Encryption algorithms can operate on blocks of data at a time, or bits and bytes of data, based on the type of cipher. Let’s compare the two methods.
A block cipher is a symmetric key (same key to encrypt and decrypt) cipher that operates on a group of bits called a block. A block cipher encryption algorithm may take a 64-bit block of plain text and generate a 64-bit block of cipher text. With this type of encryption, the same key to encrypt is also used to decrypt. Examples of symmetrical block cipher algorithms include the following:
Advanced Encryption Standard (AES)
Triple Digital Encryption Standard (3DES)
Blowfish
Digital Encryption Standard (DES)
International Data Encryption Algorithm (IDEA)

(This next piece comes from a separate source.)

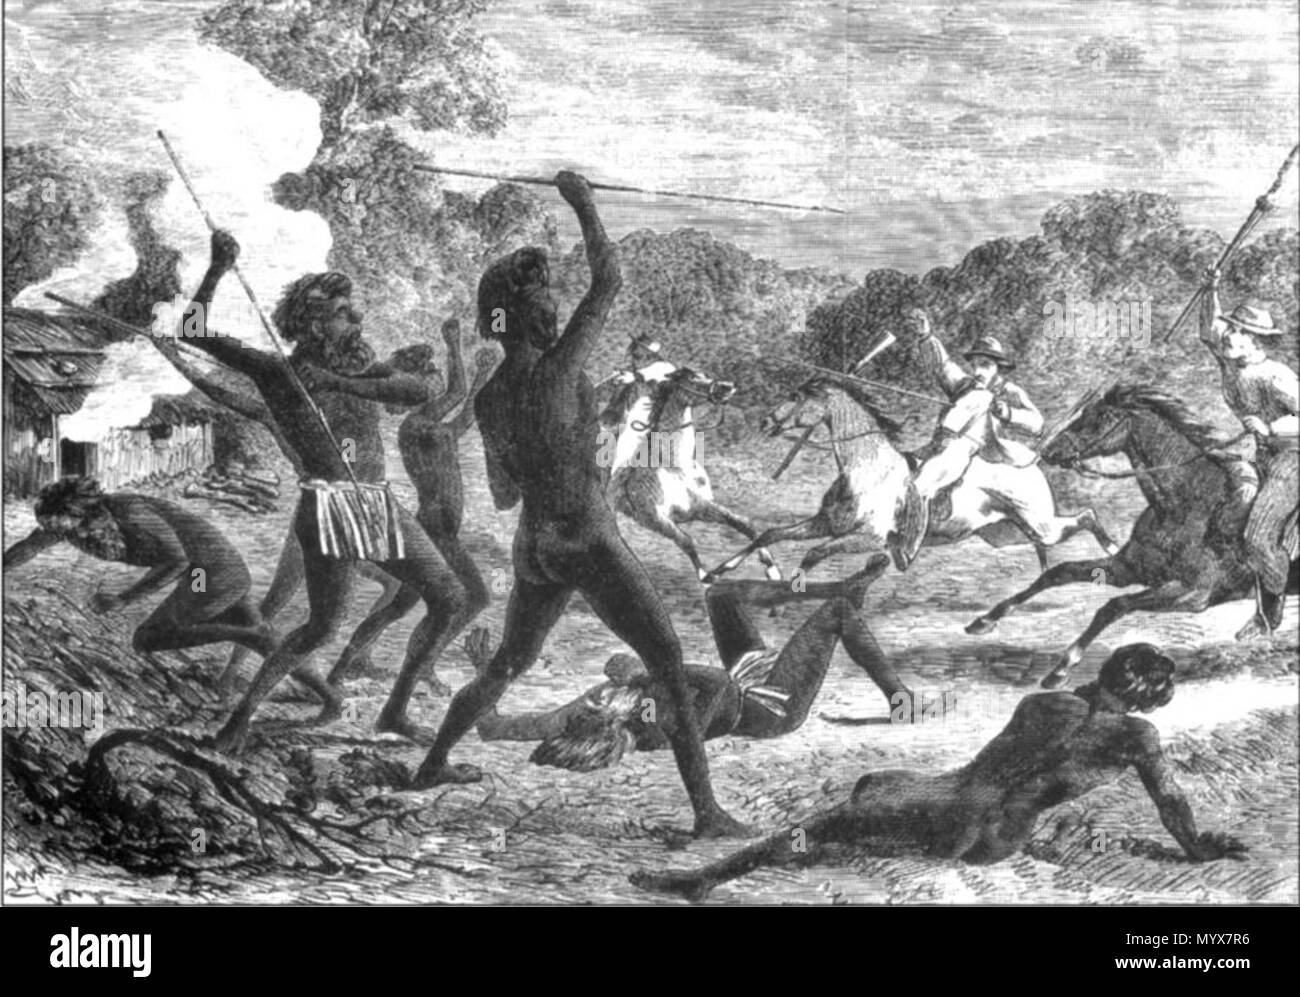 Aboriginals fighting against the europeans invading their natural homes 1 Aboriginals fighting against the europeans invading their natural homes Stock Photo - Alamy

Block ciphers may add padding in cases where there is not enough data to encrypt to make a full block size. This might result is a very small amount of wasted overhead, because the small padding would be processed by the cipher along with the real data.
A stream cipher is a symmetric key cipher (same key to encrypt as decrypt), where each bit of plaintext data to be encrypted is done 1 bit at a time against the bits of the key stream, also called a cipher digit stream. The resulting output is a ciphertext stream. Because a cipher stream does not have to fit in a given block size, there may be slightly less overhead than a block cipher that is requiring padding to complete a block size.